5 to 4 0 cm, and the endocarp (pulp) contains seeds with fleshy a

5 to 4.0 cm, and the endocarp (pulp) contains seeds with fleshy aril (Vasconcellos, Savazaki, Grassi, Busquet, & Mosca,

2001). The tomato is a fleshy berry, with at least two locular cavities. The locular cavities contain the seeds, within a more or less abundant Vorinostat in vivo gel. They are enclosed by a parenchyma that forms a sub-epidermal layer of 0.2–1 cm, radial septa that separate the locules, and a collumella. The pericarp is protected to the outside by an epidermis covered with a waxy cuticle, presenting many hairs, stomata and lenticels (Hobson & Davies, 1971). The composition of these different tissues is not homogeneous. Cheng, Wang, Chen, and Lin (2011), in particular, showed that sugar concentrations in the placenta and close to the calix were consistently low relative to the outer pericarp, collumella, and locular cavity. Apricot is a stone fruit that

consists of three parts: a thin skin, a fleshy mesocarp which encloses the seeds. The thickness and shape of the mesocarp vary according to different cultivars (Romani & Jennings, 1971). The three fruits used in this trial present different structures which seems to affect the depth of near infrared radiation penetration. PLX4032 In passion fruit, NIR radiation only should penetrate in tissue that is clearly distinct from the edible part. In tomato, NIR radiation may interact with edible tissues, but they present variable compositions. Positioning of the beam relative to septa or locules means it will encounter different compositions. Apricot on the other

hand presents a relatively homogeneous tissue. For apricot, excellent results were found, showing that NIR technology can be effectively used for the quantification of the soluble solid content and titratable acidity for not apricot. The best PLS model for apricot used three varieties, involving higher variability of fruit quality traits. This can be the cause of the high value of the prediction error for TA (14%). Our model presented a lower predictive performance when compared to the model developed by Camps and Christen (2009), for three varieties of apricot (‘Bergerouge’, ‘Harostar’ and ‘Kioto’), tough the varieties used in that trial were not the same used in our trial and those author also used a Visible-NIR spectrometer (650–1200 nm), instead of a NIR spectrometer.

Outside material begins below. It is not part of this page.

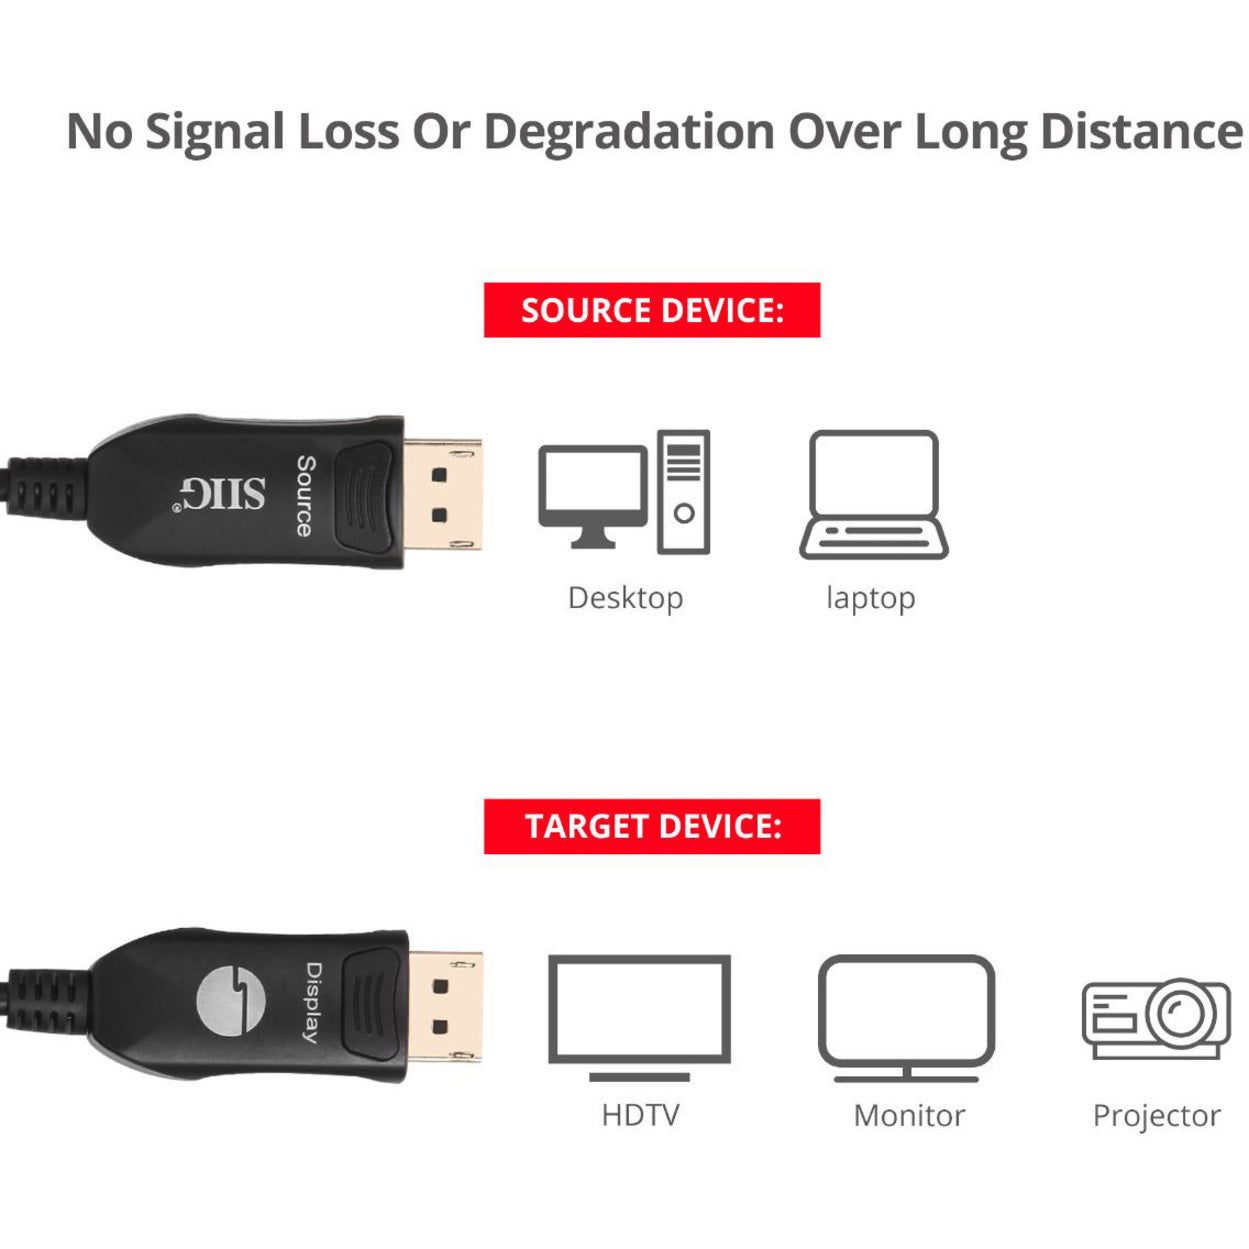 SIIG 4K DisplayPort 1.2 AOC Cable - 30M [Discontinued]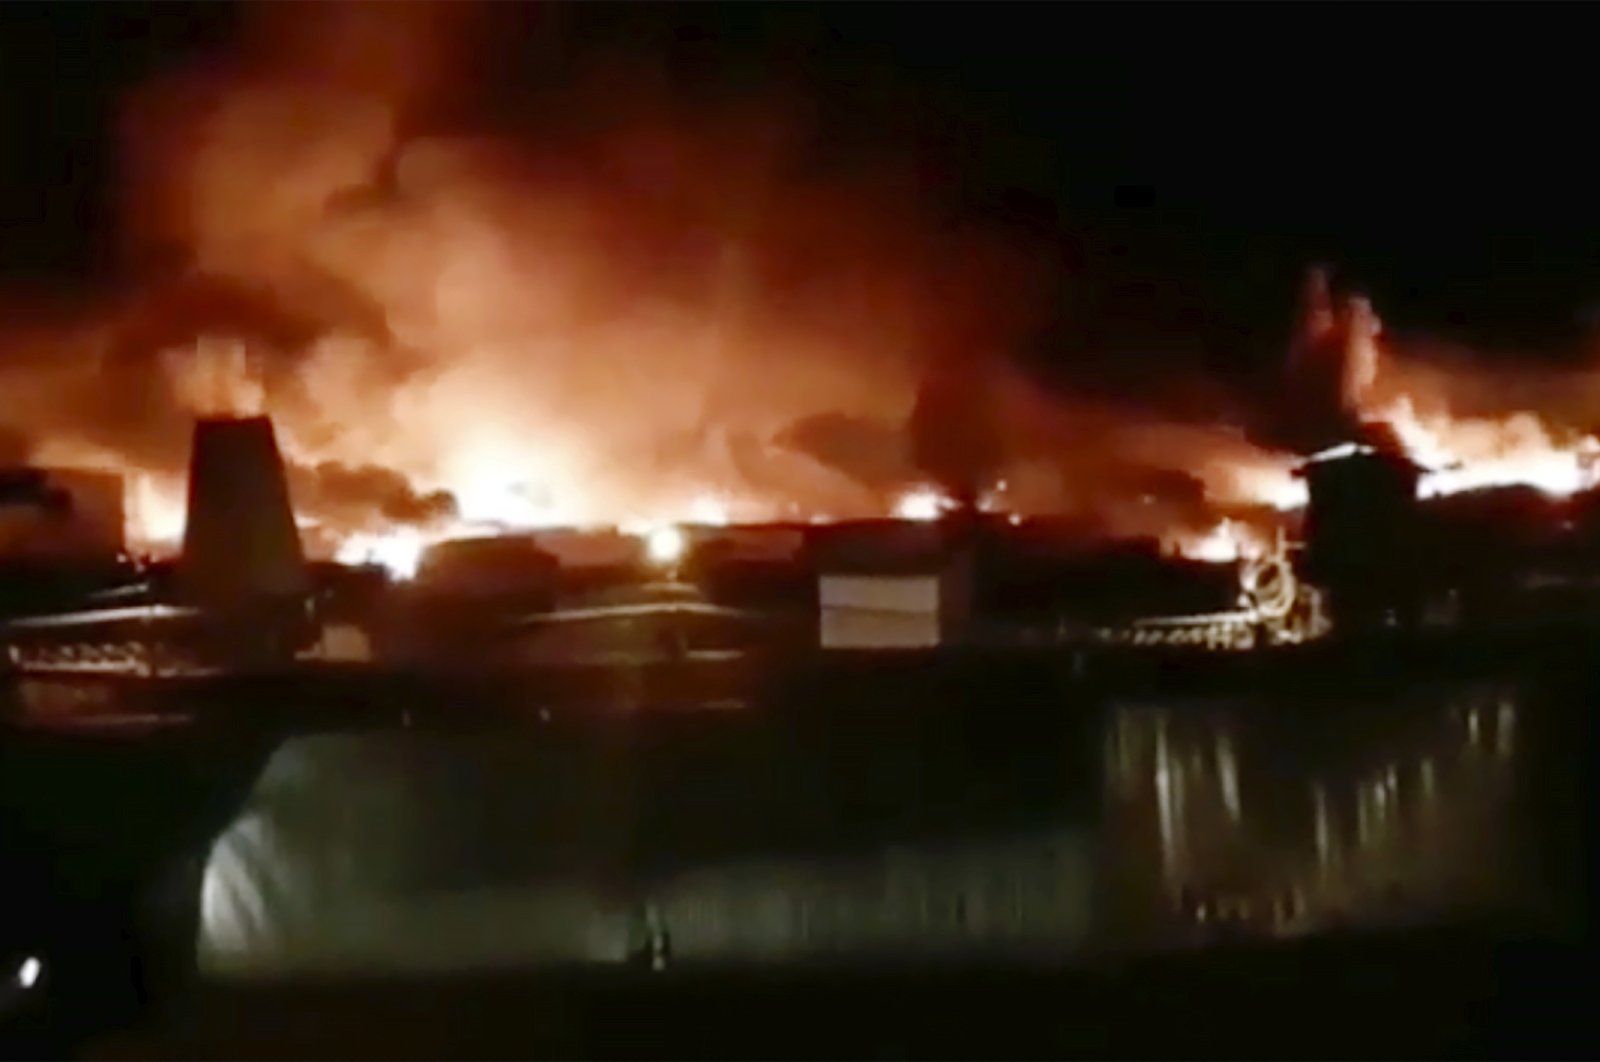 In this image taken from video provided by Instagram account @incident.38, a fire is blazing at a prison colony where inmates and guards have clashed in Angarsk, 4,000 kilometers (2,500 miles) east of Moscow, Friday, April 10, 2020. Russian officials say a large fire is blazing at a prison in Siberia where inmates and guards have clashed. There was no official information about casualties or damage Friday, but Pavel Glushenko, a local human rights activist, said on social media that “full-scale hostilities” were taking place at the maximum-security prison. (AP Photo)

The model developed by Camps & Christen presented a R2 of 0.9 and a RMSEP 9.6%. Bureau et al. (2009) developed prediction models that presented a correlation coefficient of 0.88 and a prediction error of 15% for eight apricot cultivars or hybrids. Measuring SSC and TA have been reported also using reflectance ant has shown excellent correlation for various fruits such as prune, plums and peaches ( Louw and Theron, 2010, Pérez-Marín et al., 2009 and Slaughter et al., 2003). All of these fruit share with apricot similar anatomical features such as thin skin and homogeneous pericarp. The lowest correlation for both parameters SSC and TA was found for passion fruit.